The Wild fought their way out of their losing streak.
Wild knocks off Flyers 3-2 on night of fights, ends three-game losing streak
Zuccarello delivered the decisive goal in a fight-filled game at 2:08 of overtime, after Philadelphia's Tony DeAngelo served up the equalizer with 1:28 to go in the third period, to end a three-game losing streak.
Literally.
After getting in four scraps, including three within seconds of one another, the Wild channeled their frustration into their three-game rut and banished it with a 3-2 overtime win against the Flyers on Thursday in front of 19,177 at Xcel Energy Center to end their worst slide since they started the season 0-3.
"The boys stepped up today and showed some fire," Mats Zuccarello said, "and we got the important two points."
Zuccarello dealt the final blow on a heads-up, almost end-to-end rush 2 minutes, 8 seconds into the extra session, the veteran darting at a forward playing defense before flipping the puck over Philadelphia goaltender Carter Hart for his 19th tally of the season, fifth career overtime goal and first with the Wild.
"He's not going to try to do that against a defenseman or a solid guy," coach Dean Evason said. "He doesn't feel that that's the right play at that time. He sees that represent itself with the forward, and he makes a great move to get around and then obviously to score the goal."
Matt Boldy assisted on the play after scoring the Wild's previous two goals to pick up his third three-point game of the season and fourth of his career.
Just before Boldy factored into Zuccarello's clincher, goaltender Marc-Andre Fleury fended off a 3-on-1 chance from the Flyers' Travis Konecny, who was the forward Zuccarello eluded en route to his game-winning goal by sending the puck between Konecny's legs.
"I saw it was just me and him," Fleury said of his overtime save, his last of 28 overall. "I got enough of the pad and went in the corner."
Philadelphia's Tony DeAngelo extended the action on a rising shot with 1:28 to go in the third period, but the Wild were in rally mode first after falling behind on a deflection by Stillwater's Noah Cates at 5:14 of the first.

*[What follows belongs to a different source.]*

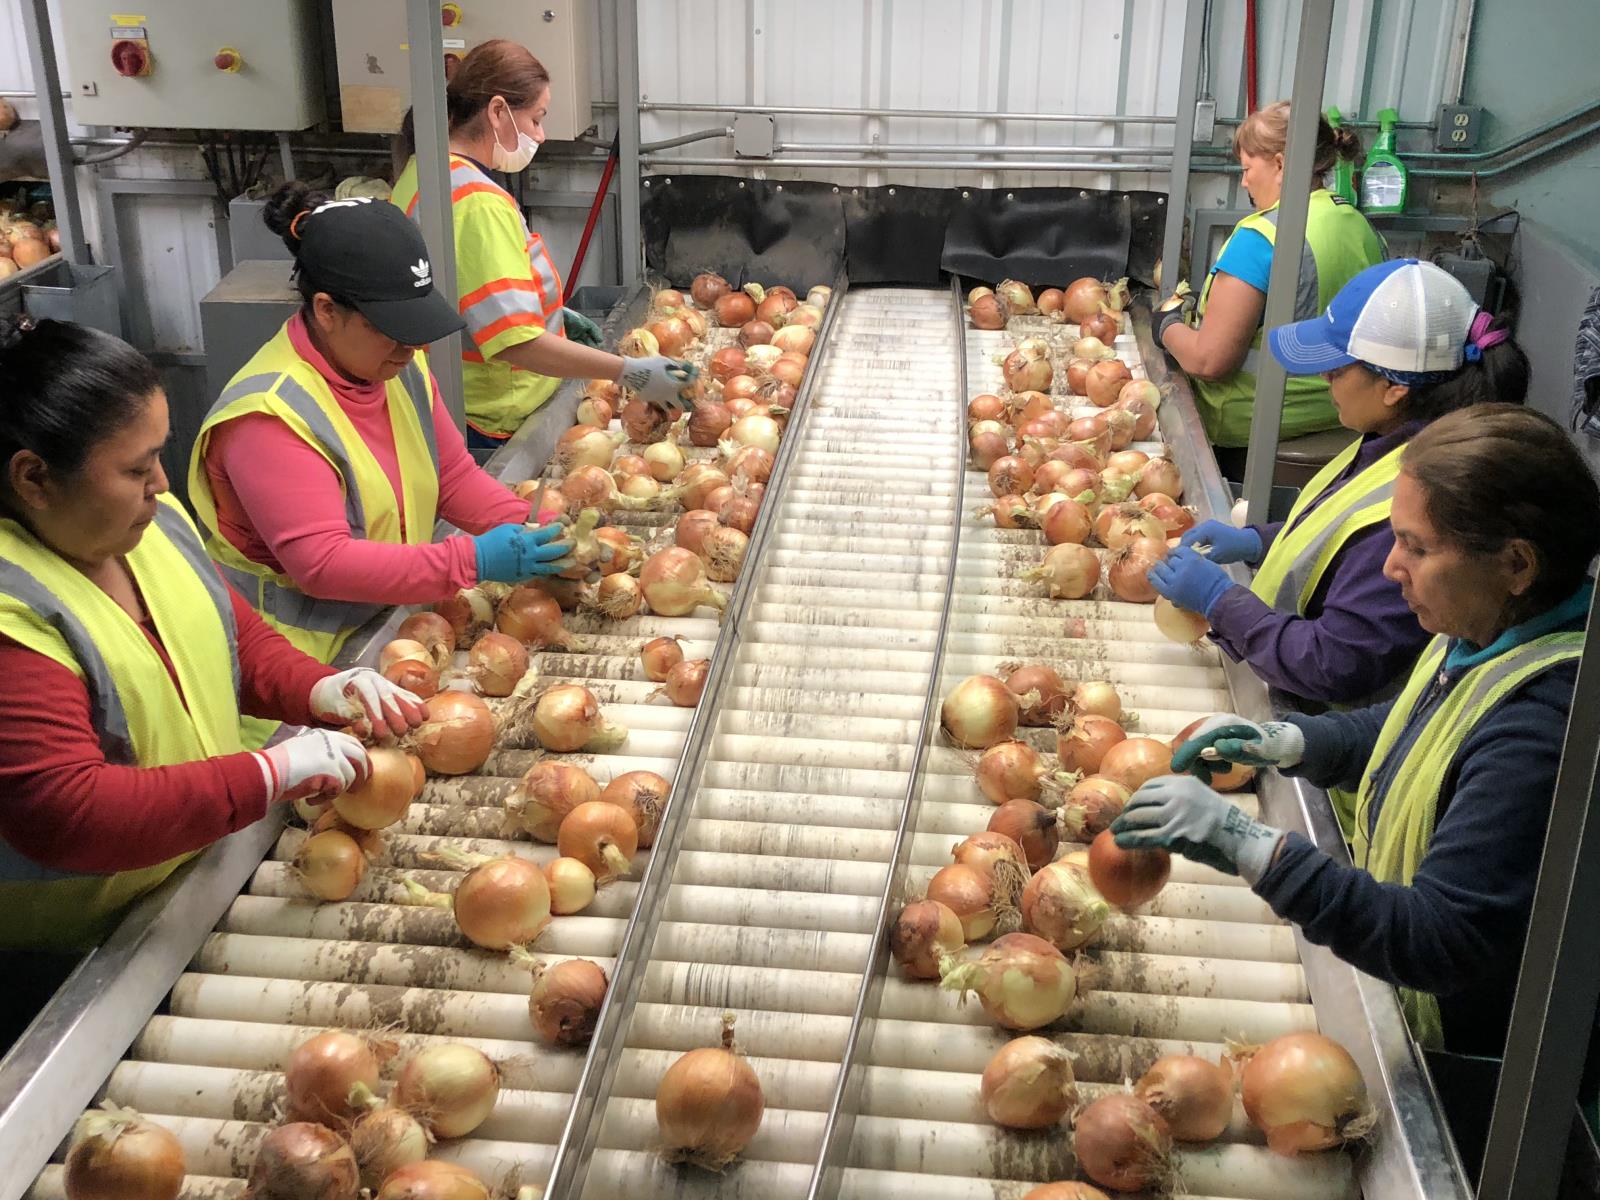 Onions are sorted in a southwestern Idaho facility Sept. 10. After declining for four straight years, Idaho’s total net farm income increased 29 percent in 2018, according to USDA data released Aug. 30.

Not long after, Ryan Reaves dropped the gloves with Nic Deslauriers, Reaves' predecessor in the Wild's sparkplug department since Deslauriers finished out last season with the Wild after they acquired him ahead of the trade deadline. Deslauriers went on to sign with Philadelphia in the offseason.
"They were outshooting us and in our zone a lot. Just a little sleepy start," Reaves said. "I think it was time to try to build some energy. That's my job."
The dust-up elevated Reaves to 1,004 career penalty minutes, making him the eighth active NHLer to eclipse 1,000, and his three hits moved him past David Backes into eighth place in NHL history with 2,711.
During the next shift, Mason Shaw and Wade Allison tussled briefly before they were also sent to the penalty box. And then after the ensuing faceoff, Marcus Foligno squared off with Zack MacEwen; Brandon Duhaime and Patrick Brown had the last scuffle early in the second period.
Only 54 seconds later, the Wild finally capitalized when Boldy got on the end of a behind-the-net feed from Foligno at 3:39 to record his 30th career goal and push his point streak to four games.
His finish was also the Wild's first at 5-on-5 in three games, but they'd also get a lift from their power play (1-for-3).
At 4:48 of the third period, Boldy buried a one-time pass from Kirill Kaprizov while crashing the crease at 4:48 to register his 16th goal of the season and fourth in the past four games.
"It's the game we needed to play," Boldy said.
DeAngelo's equalizer came while Hart (20 saves) was on the bench for an extra attacker, but the late lull didn't faze the Wild.
"Sometimes it's difficult to come out of what we've been in," Evason said. "Hopefully this allows us to do that."
With the victory, the Wild regained the playoff position they recently lost during their skid. They have one game left before their bye week and the All-Star break.
"We've got to start climbing the standings," Reaves said. "We want to feel good about ourselves going into the break and coming off it. That's one down."
Saturday’s game against Dallas presents an opportunity to indicate the team won’t repeat the flop in division games that wrecked last season.